6. Fachtagung von Bildung und Begabung „Begabung braucht Persönlichkeit“ am 09. Mai 2017 in Köln

Kluge Köpfe brauchen mehr als Begabungen und Talente: Die Persönlichkeit bestimmt die Entwicklung individueller Interessen, Stärken und Chancen wesentlich mit. Aus diesem Grund trägt die 6. Fachtagung am 09. Mai 2017 von Bildung und Begabung den Titel „Begabung braucht Persönlichkeit“. Dabei liegt der Fokus auf Persönlichkeitsmerkmalen und Kompetenzen, die aktuell und zukünftig für die individuelle Persönlichkeitsentwicklung junger Menschen wichtig sind und sein werden und wie diese gefördert werden können.

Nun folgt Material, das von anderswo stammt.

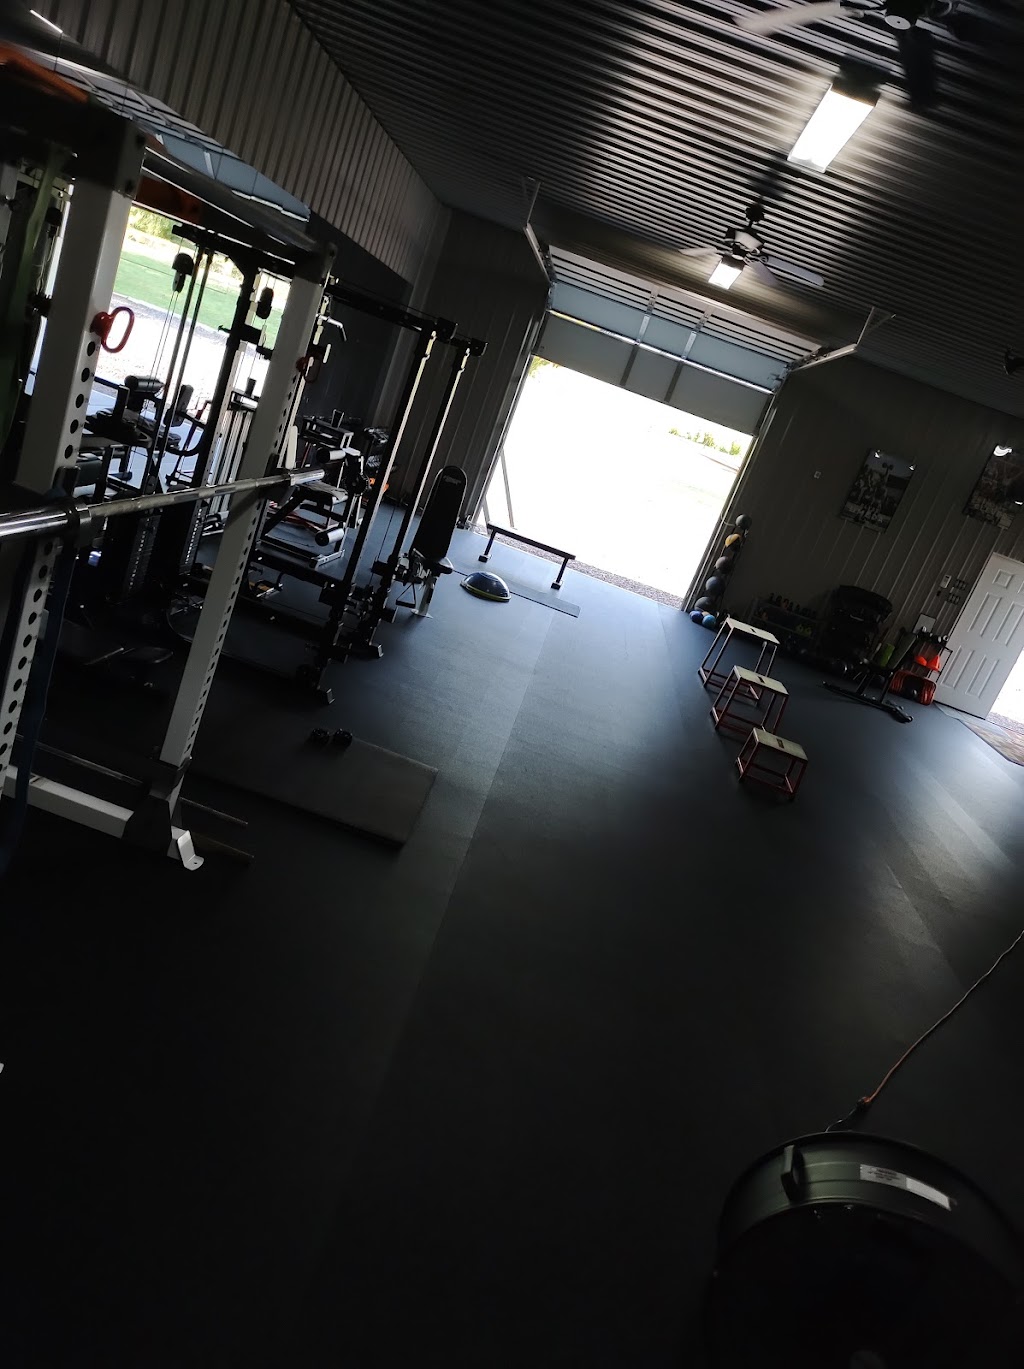 Knuckle Burning Fitness | 93 Trappe Rd, Collegeville, PA 19426 | Phone: (484) 390-1253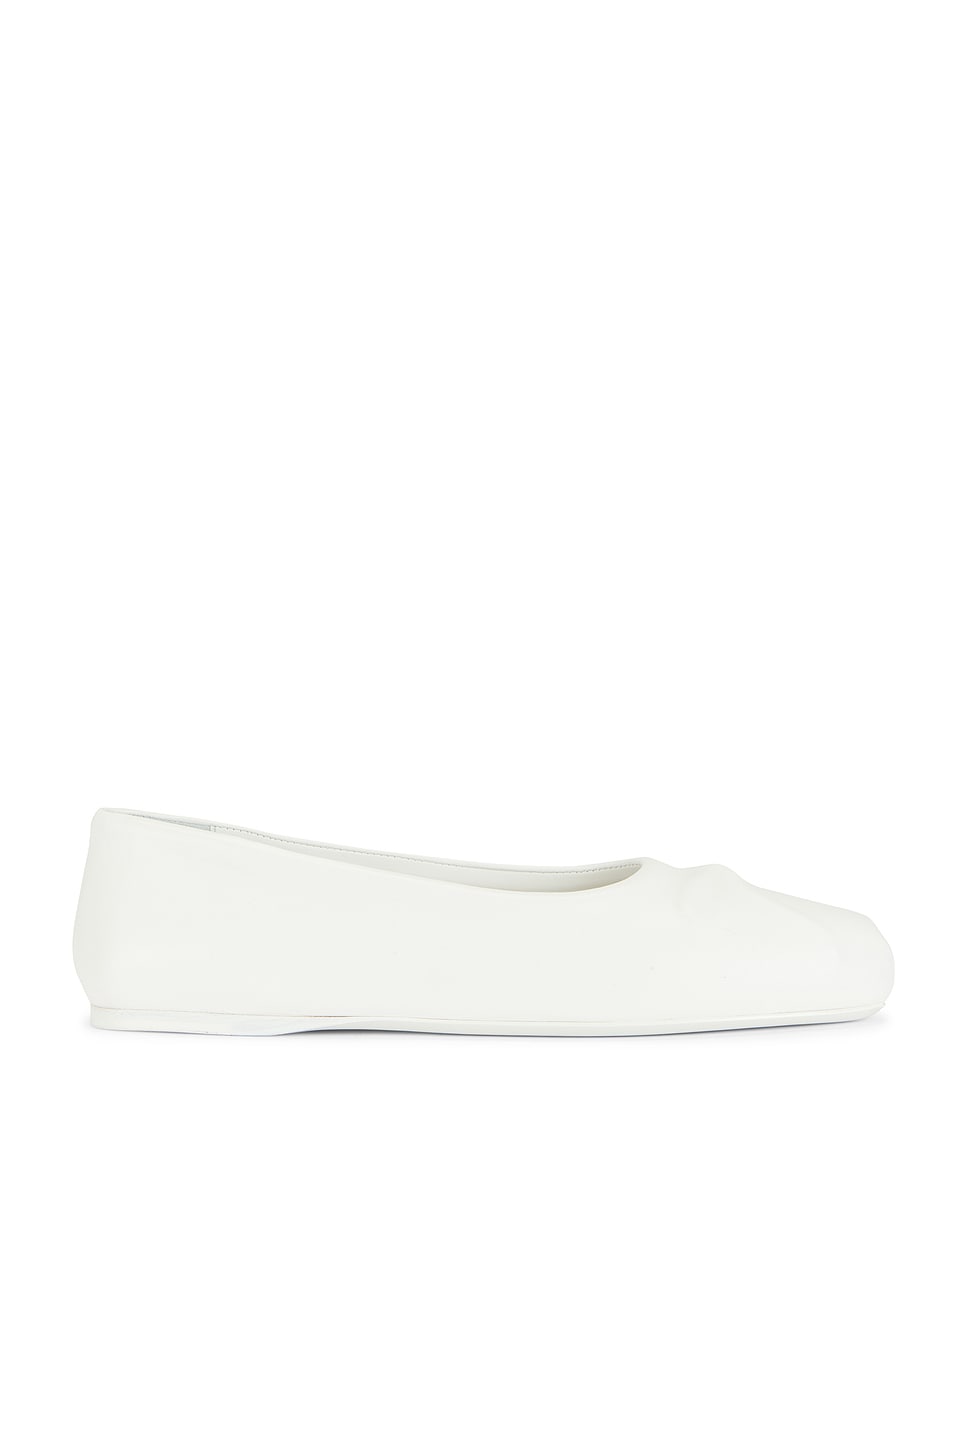 Image 1 of Marni Ballet Flat in Lily White

Im Rahmen verschiedener Vorträge, Praxisforen und Gespräche sollen für WissenschaftlerInnen, Lehrkräfte, TrainerInnen sowie andere PraktikerInnen und Interessierte Anlässe gegeben werden, über neue wissenschaftliche Erkenntnisse und Best-Practice-Einblicke zu sprechen.

Die Anmeldung ist bereits gestartet und die Plätze sind begrenzt.